Task to complete - Write out only the lines from the line containing "Chic Fancy Sarees" to the end of the listing below, both included, exactly as they stand. Drop the pictures.
++++ Data block
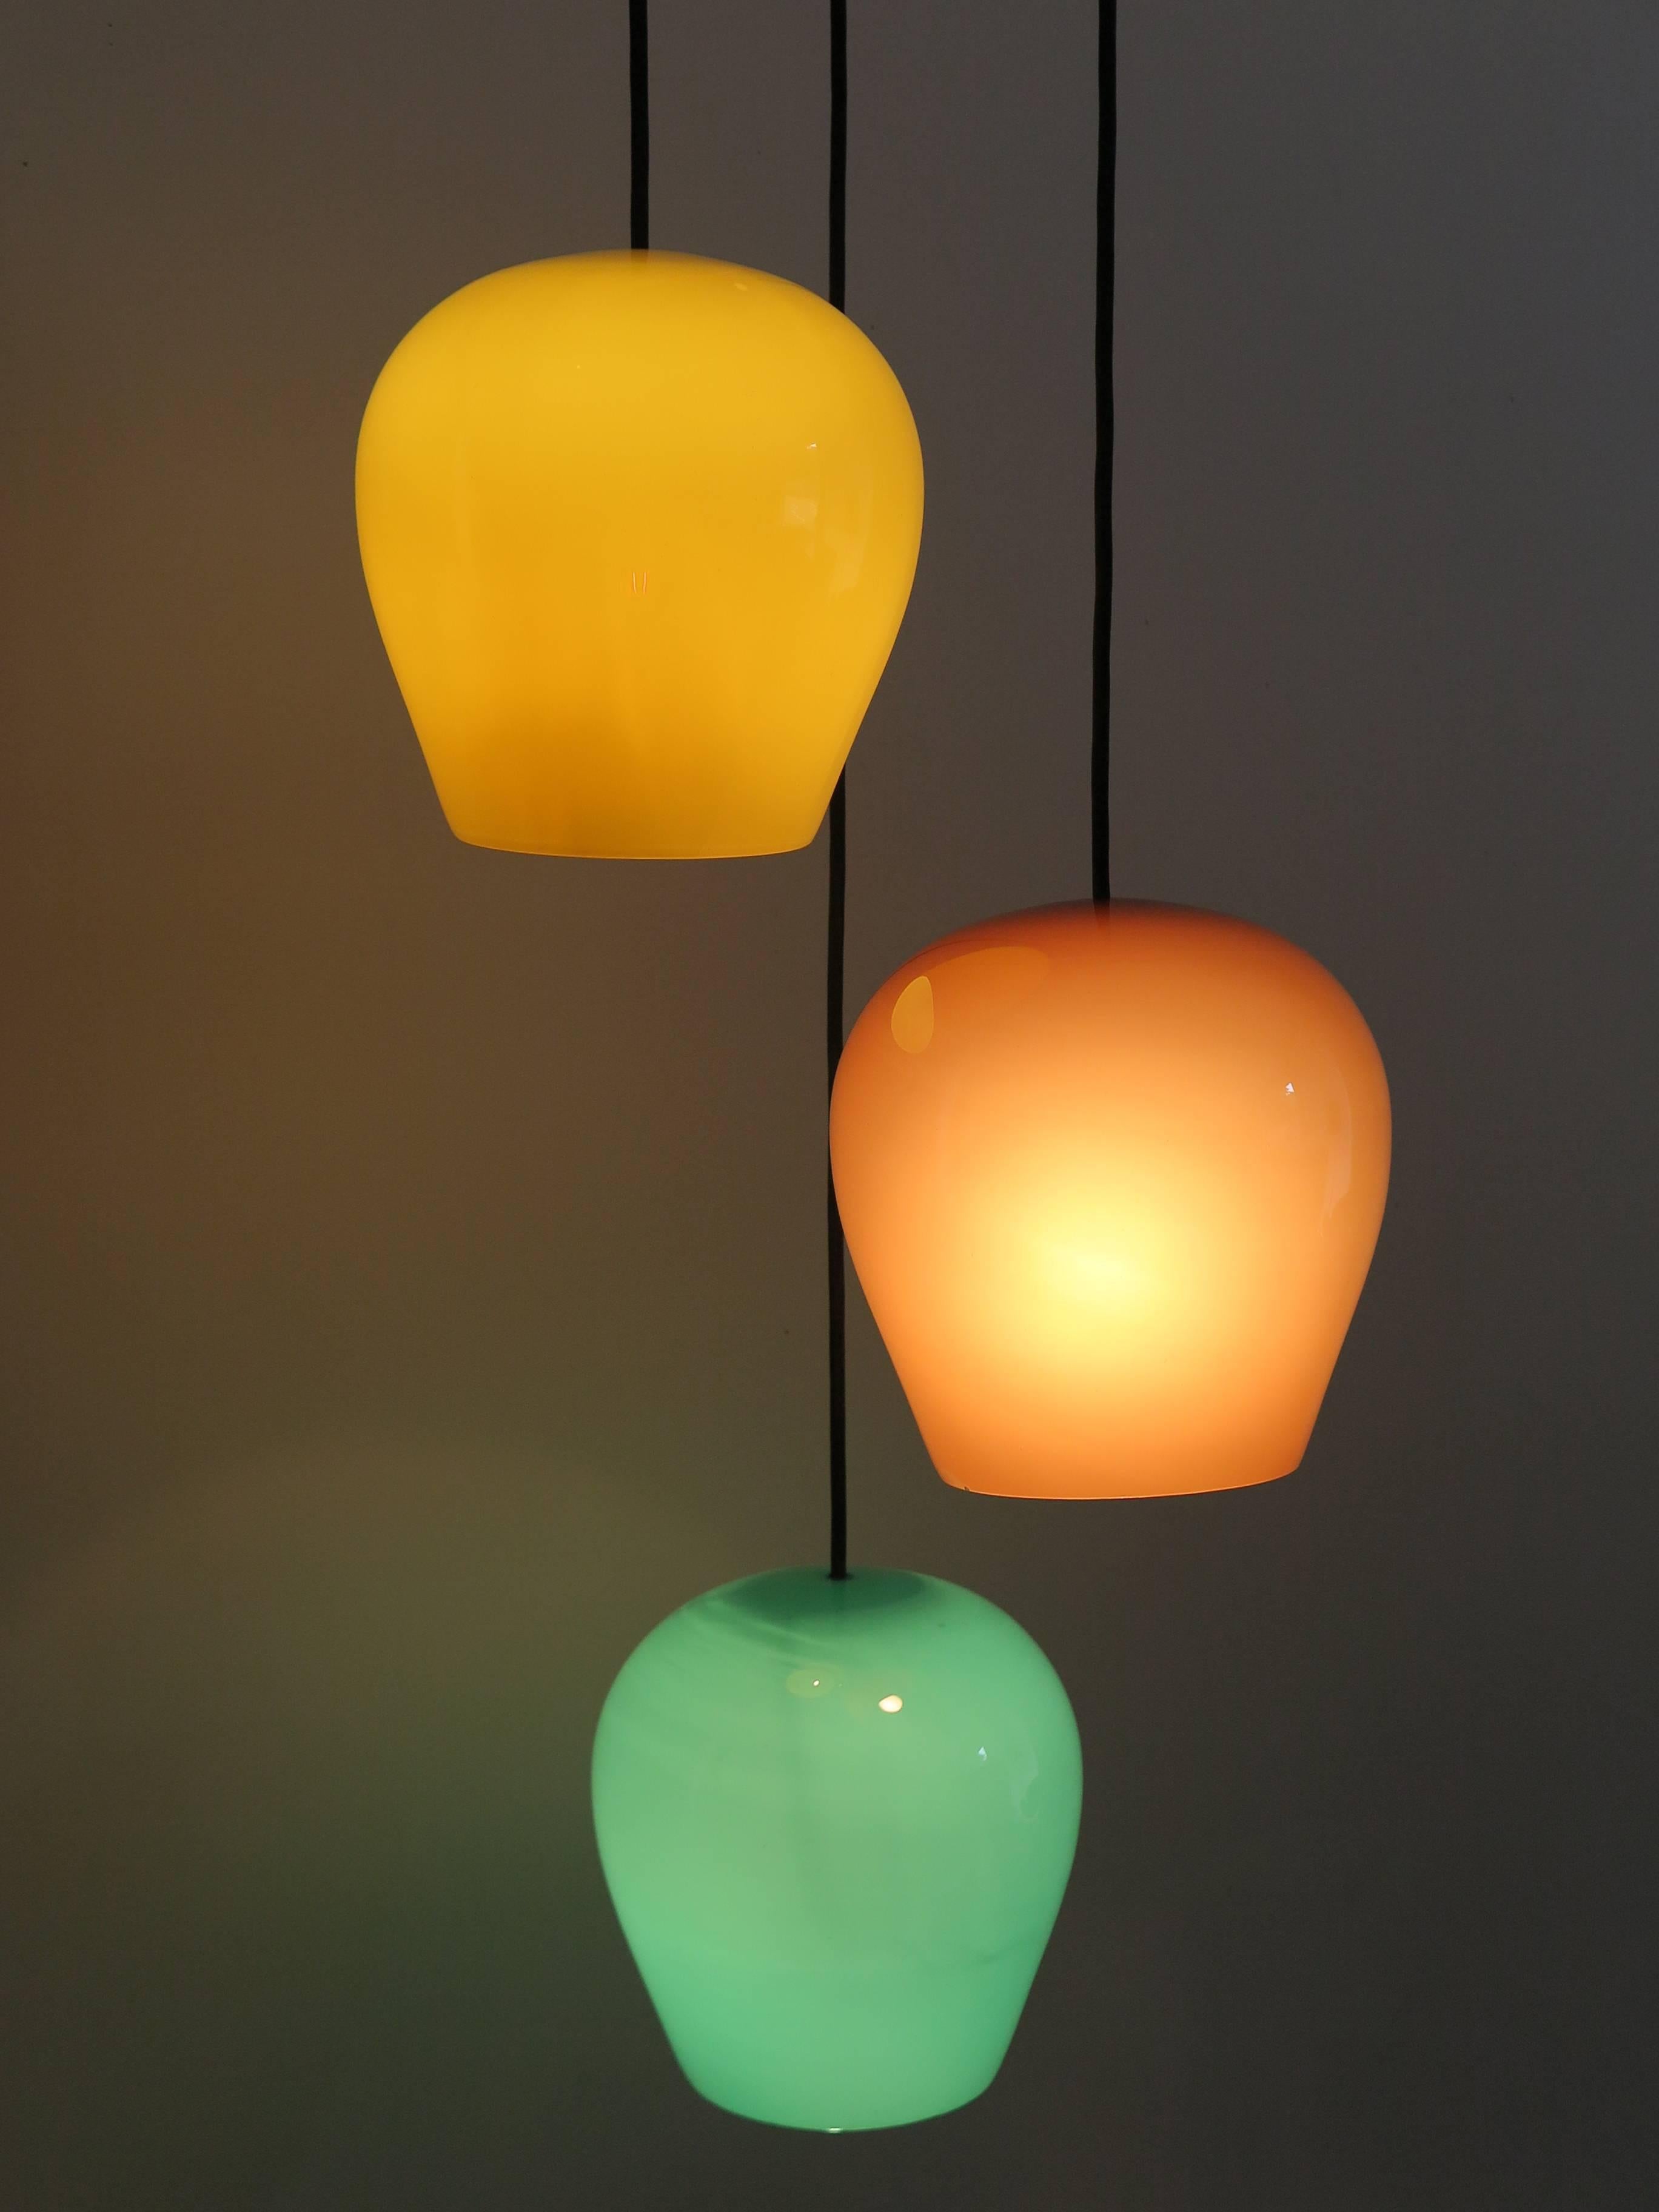 Italian Mid-Century Modern pendant lamp designed by Massimo Vignelli for Venini Murano with colored glass and polished brass, circa 1955. All original, electrical parts, all vintage, working.
Measure: Diffuser colored glass diameter 24 cm.
 
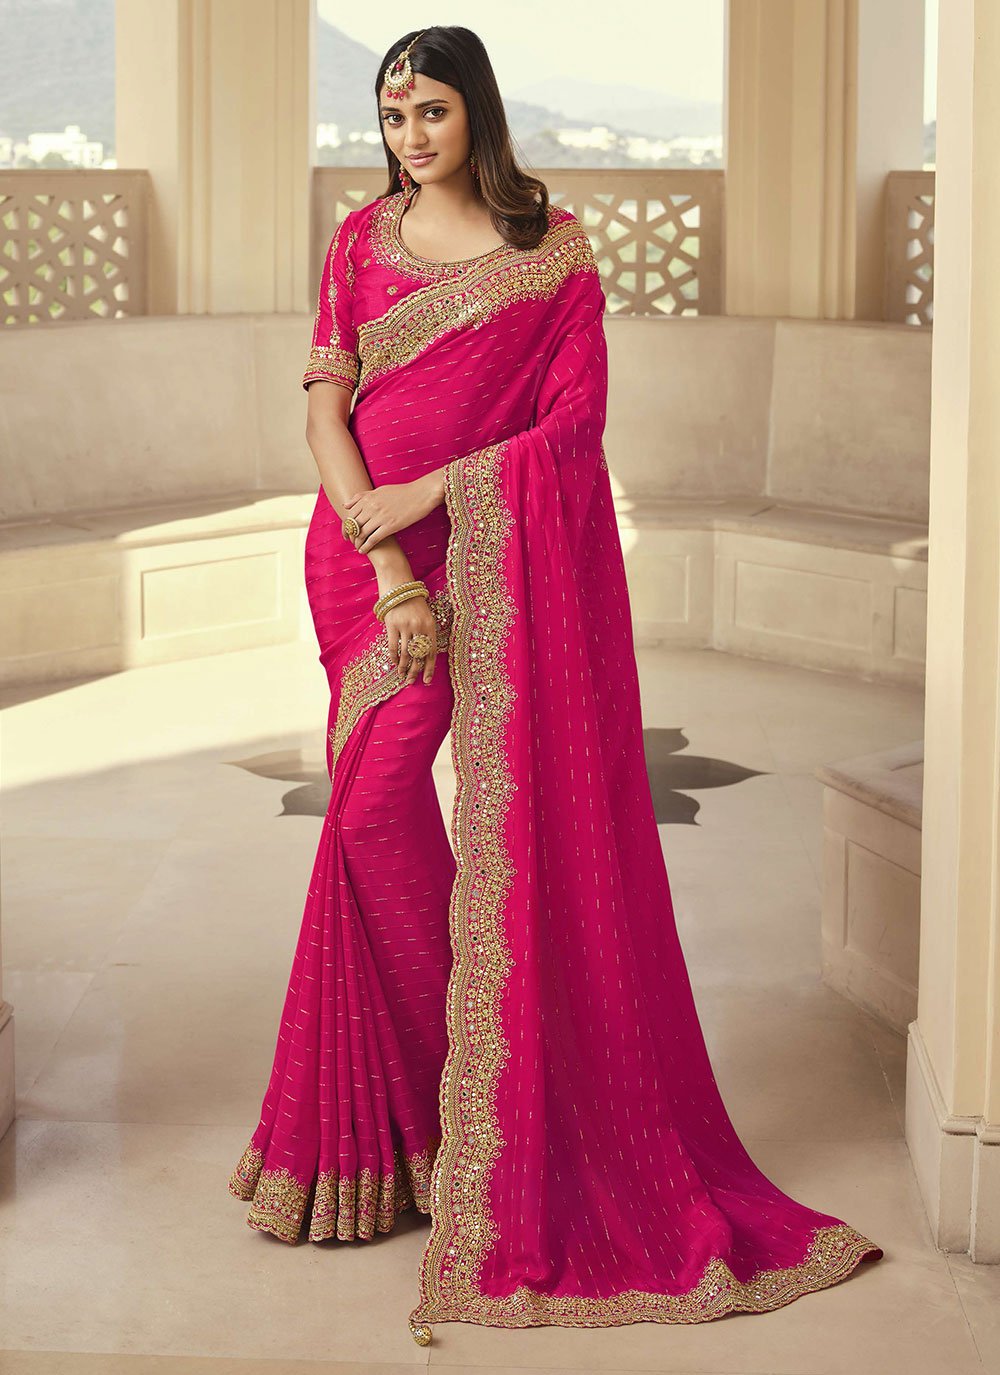 Chic Fancy Sarees And Blouse Ideas You Will Ever See
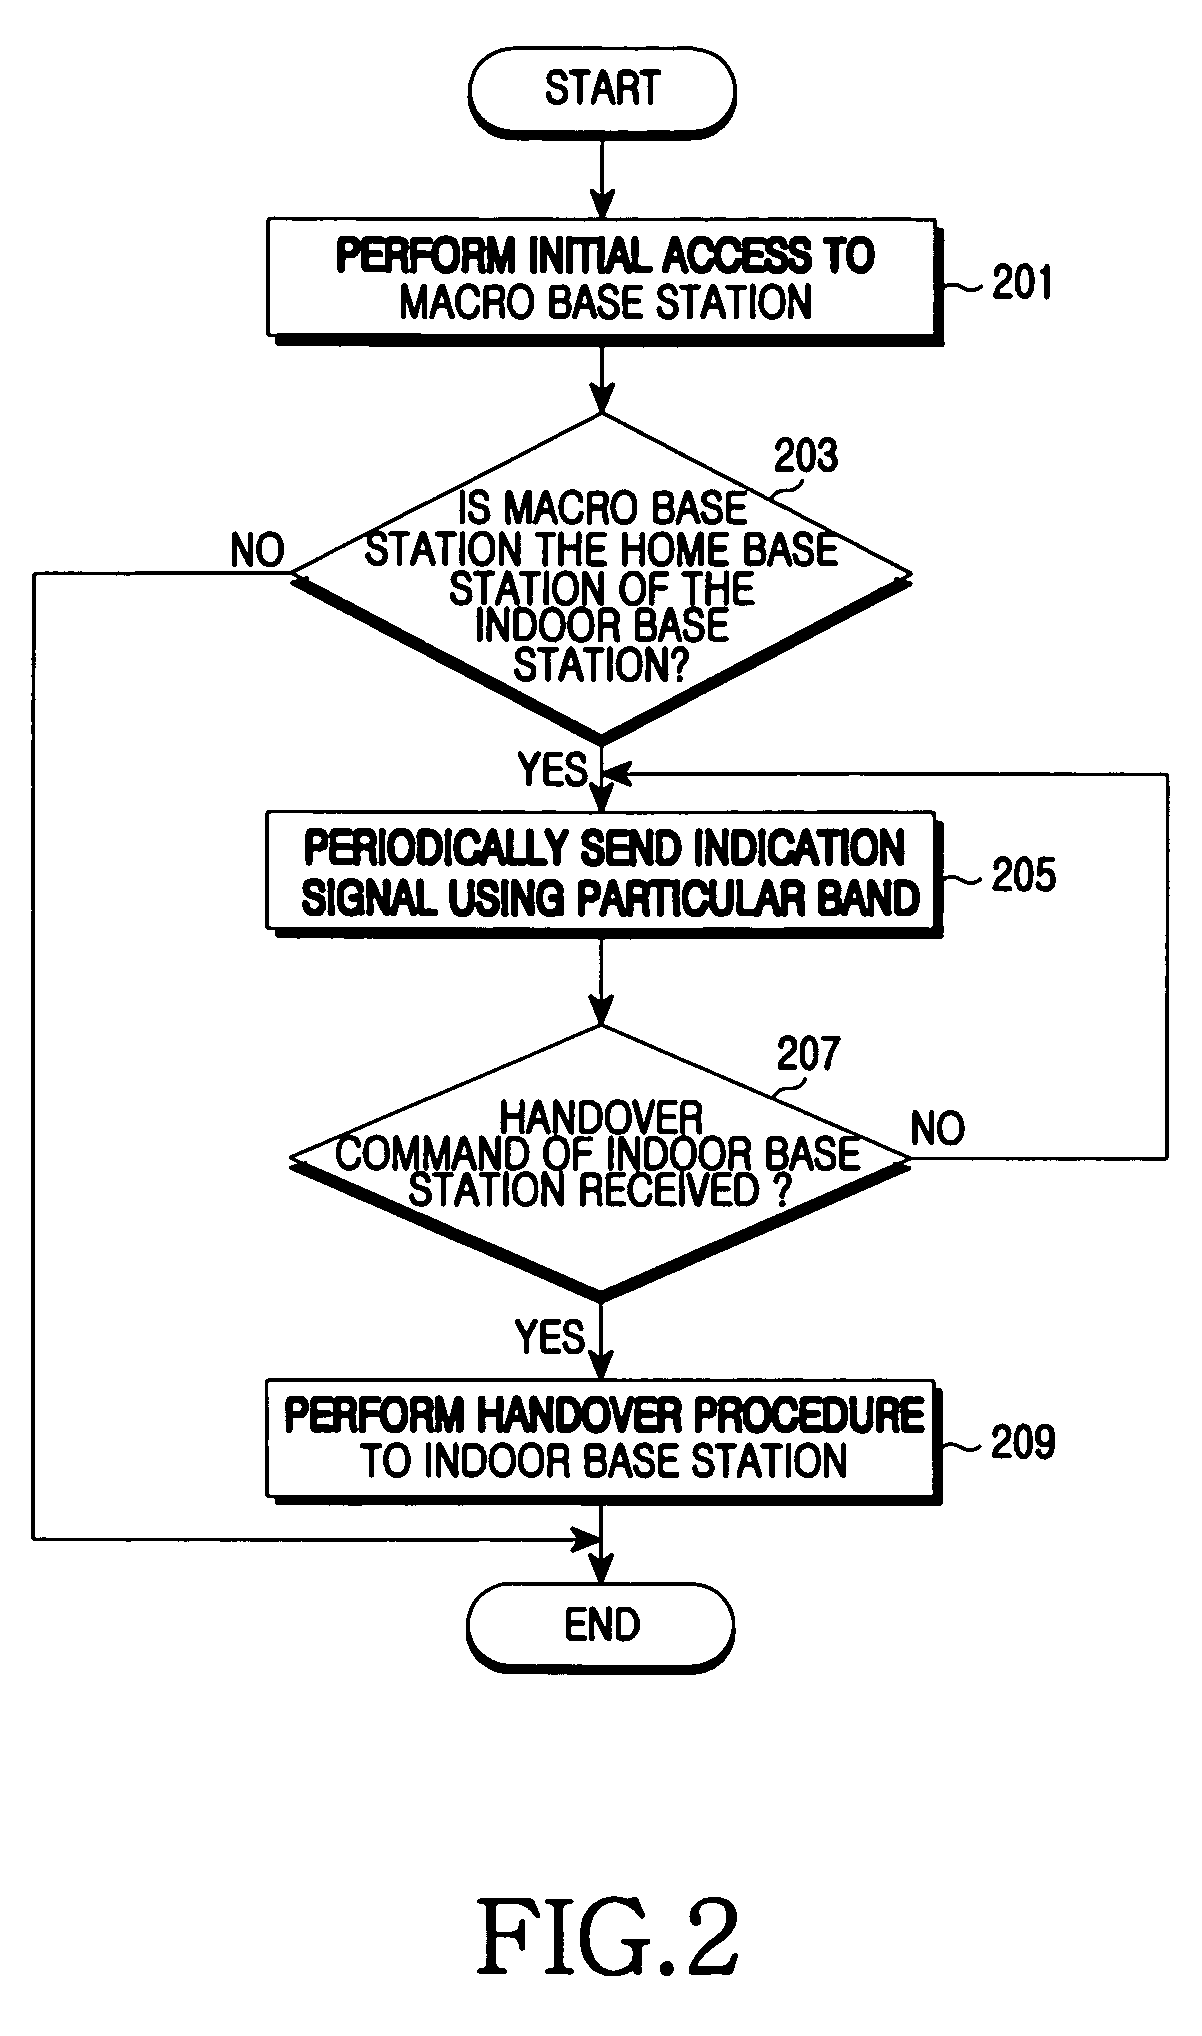 Apparatus and method for terminal handover between systems using different frequency allocations
++++++++
Worked solution -
 Chic Fancy Sarees And Blouse Ideas You Will Ever See
 Apparatus and method for terminal handover between systems using different frequency allocations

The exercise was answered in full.